Puis, les juges majoritaires ont noté qu’aucune des six affaires dans lesquelles la théorie de l’intérêt national, d’origine purement judiciaire, a été invoquée avec succès ne prévoyait de prise en charge intégrale d’un ensemble de compétences et de droits provinciaux bien définis, alors que la Loi le fait. Les juges majoritaires ont noté qu’il n’existe aucun principe permettant d’étendre judiciairement les compétences du gouvernement fédéral en vue de concentrer d’aussi grands pouvoirs de légiférer au Parlement.
Les juges majoritaires ont ensuite décrit la Loi comme « un cheval de Troie constitutionnel », renfermant de vastes pouvoirs discrétionnaires que le gouvernement fédéral s’est réservés (et dont les limites n’ont pas encore été révélées). De toute façon, les juges majoritaires ont conclu que pratiquement tous les aspects de l’exploitation et de la gestion des ressources naturelles par les provinces, tous les secteurs d’activité provinciaux et tous les actes des citoyens dans une province seraient assujettis à la réglementation fédérale en vue de réduire les émissions de GES. La Loi aurait essentiellement préséance sur les pouvoirs provinciaux en vertu des articles 92A, 92(13) et 109 de la Constitution; par conséquent, les parties 1 et 2 de la Loi ont été déclarées entièrement inconstitutionnelles.
Conclusion
On ignore encore si le procureur général du Canada fera appel de la décision de la Cour d’appel de l’Alberta, ou l’incidence qu’aurait un tel appel sur le moment où les appels connexes seraient interjetés auprès de la Cour suprême du Canada (qui sont actuellement prévus pour mars 2020).
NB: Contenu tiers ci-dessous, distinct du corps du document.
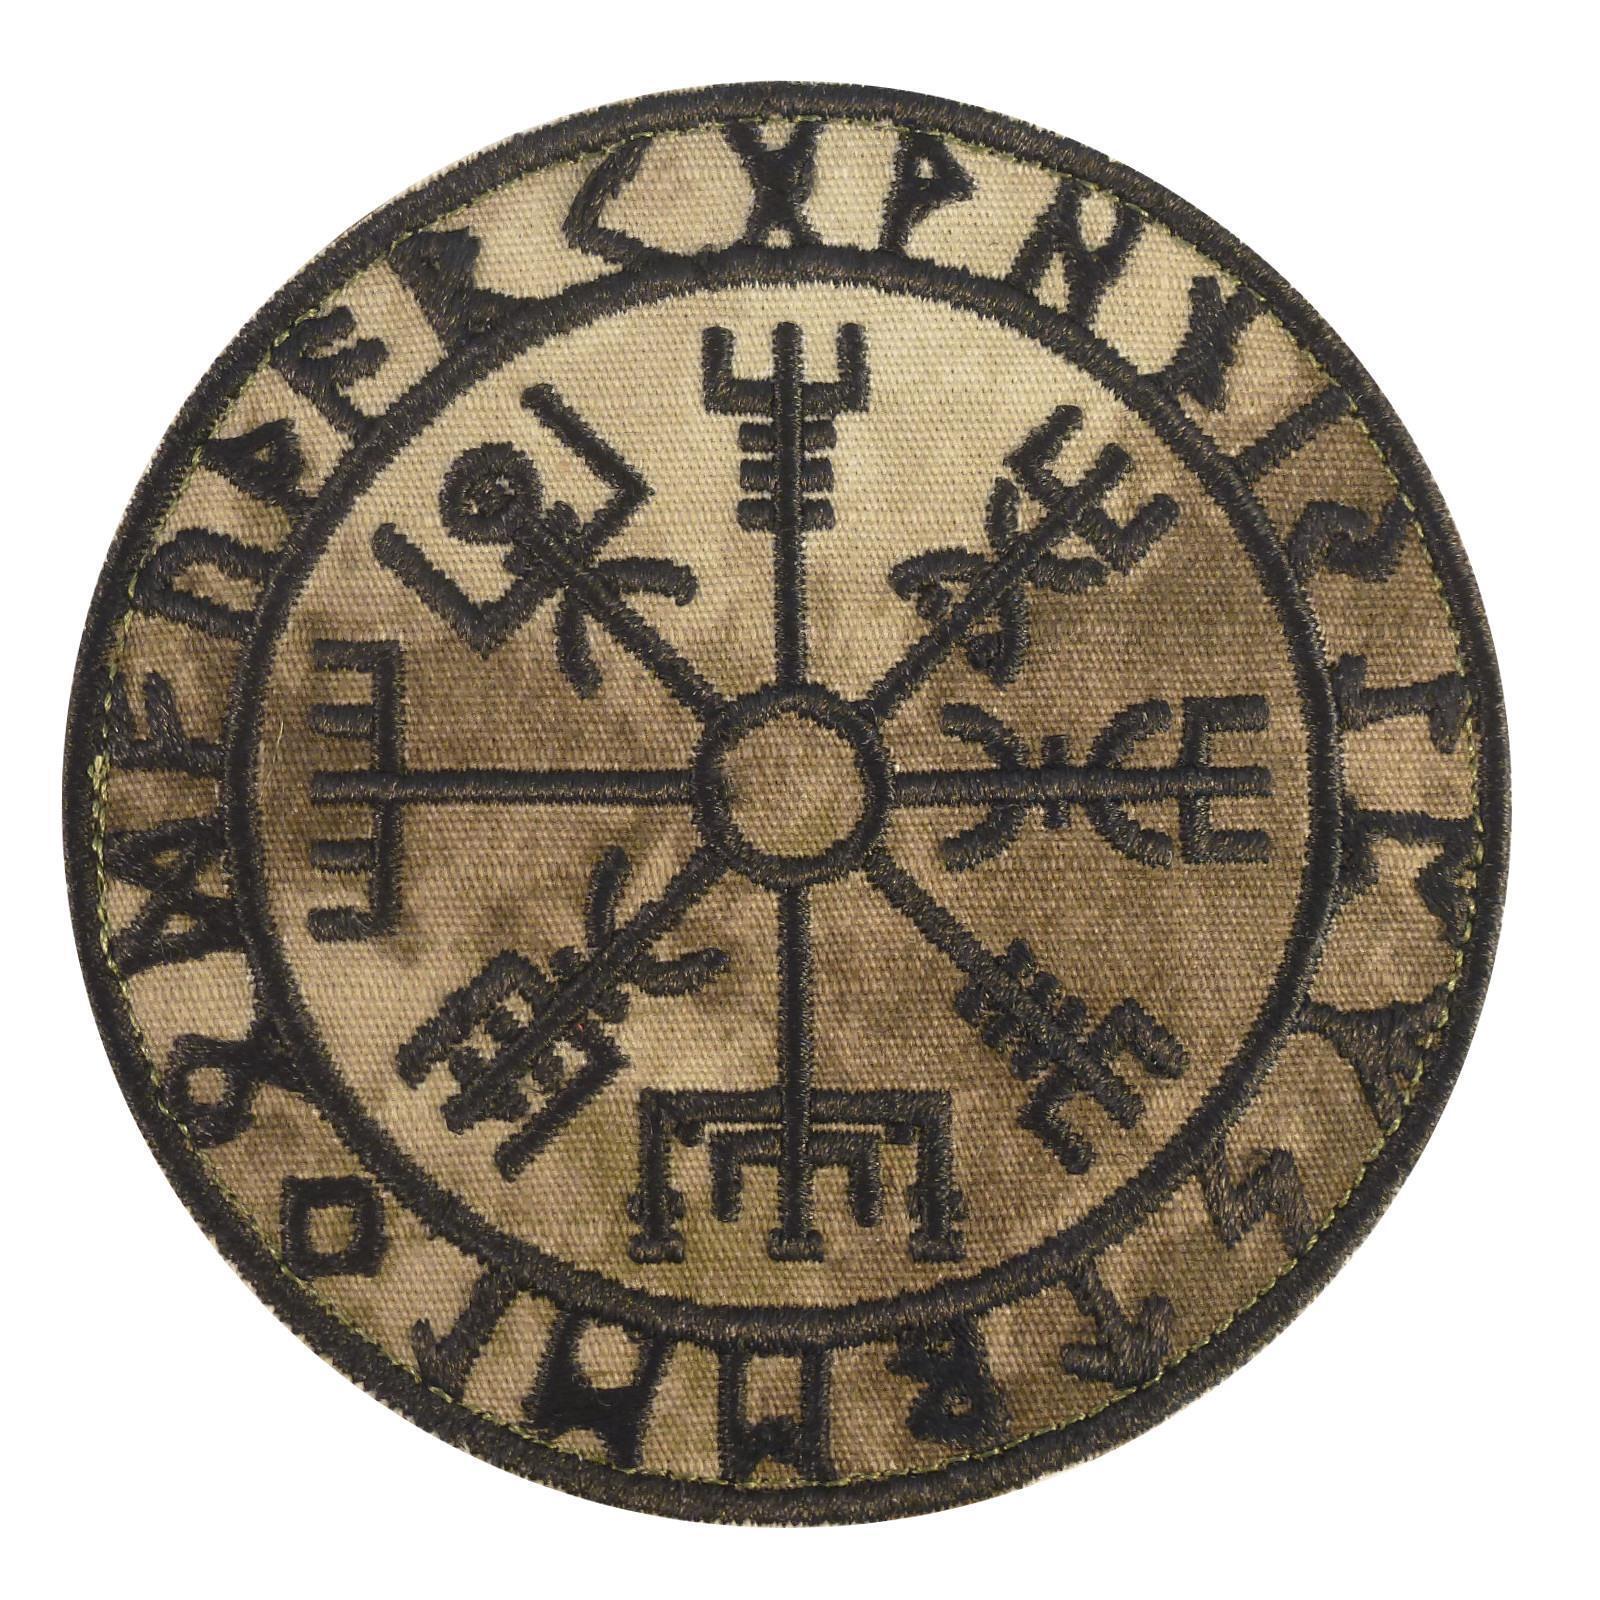 Raven Banner Viking Odin God of War subdued ACU embroidered morale hook patch
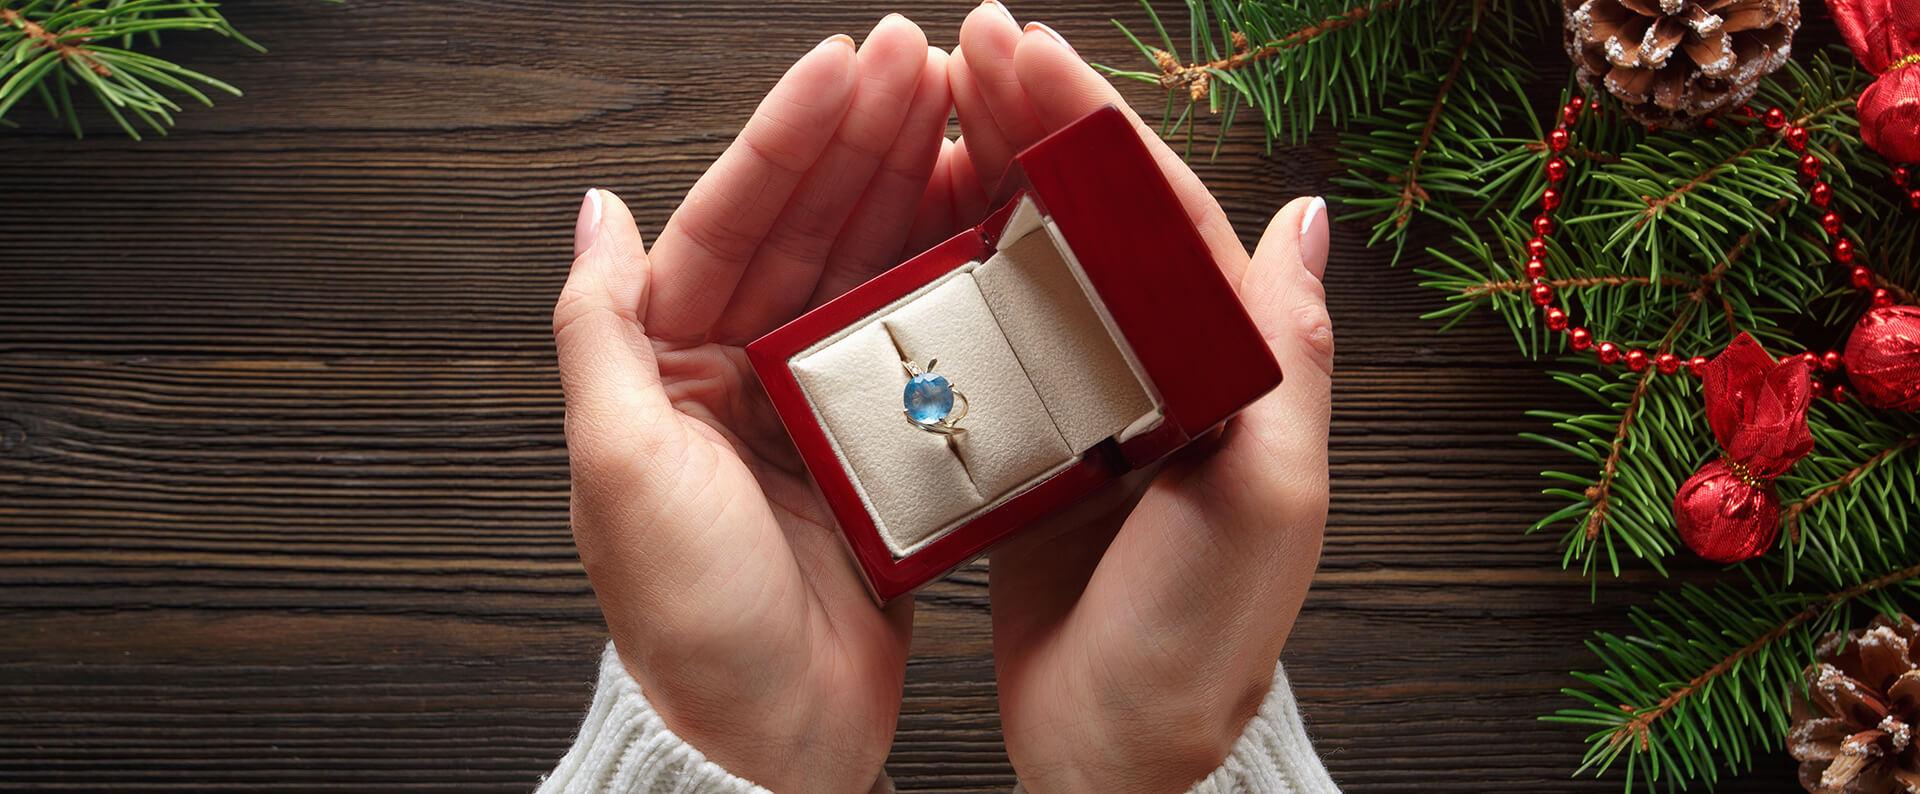 jak kupić pierścionek kiedy nie znam rozmiaru

Quoi qu’il en soit, le raisonnement des juges majoritaires de la Cour d’appel de l’Alberta fournira des munitions supplémentaires aux opposants à la taxe fédérale sur le carbone, et les procureurs généraux de la Saskatchewan et de l’Ontario l’invoqueront sans nul doute dans leurs appels en instance. Ultimement, étant donné les approches diamétralement opposées adoptées par les trois cours d’appel (et les fortes dissidences dans chacun des cas), il ne fait aucun doute que la Cour suprême du Canada devra faire face à ces questions constitutionnelles complexes, en vue de fournir des éclaircissements nécessaires sur la portée des pouvoirs du gouvernement fédéral en matière de réglementation des émissions de GES.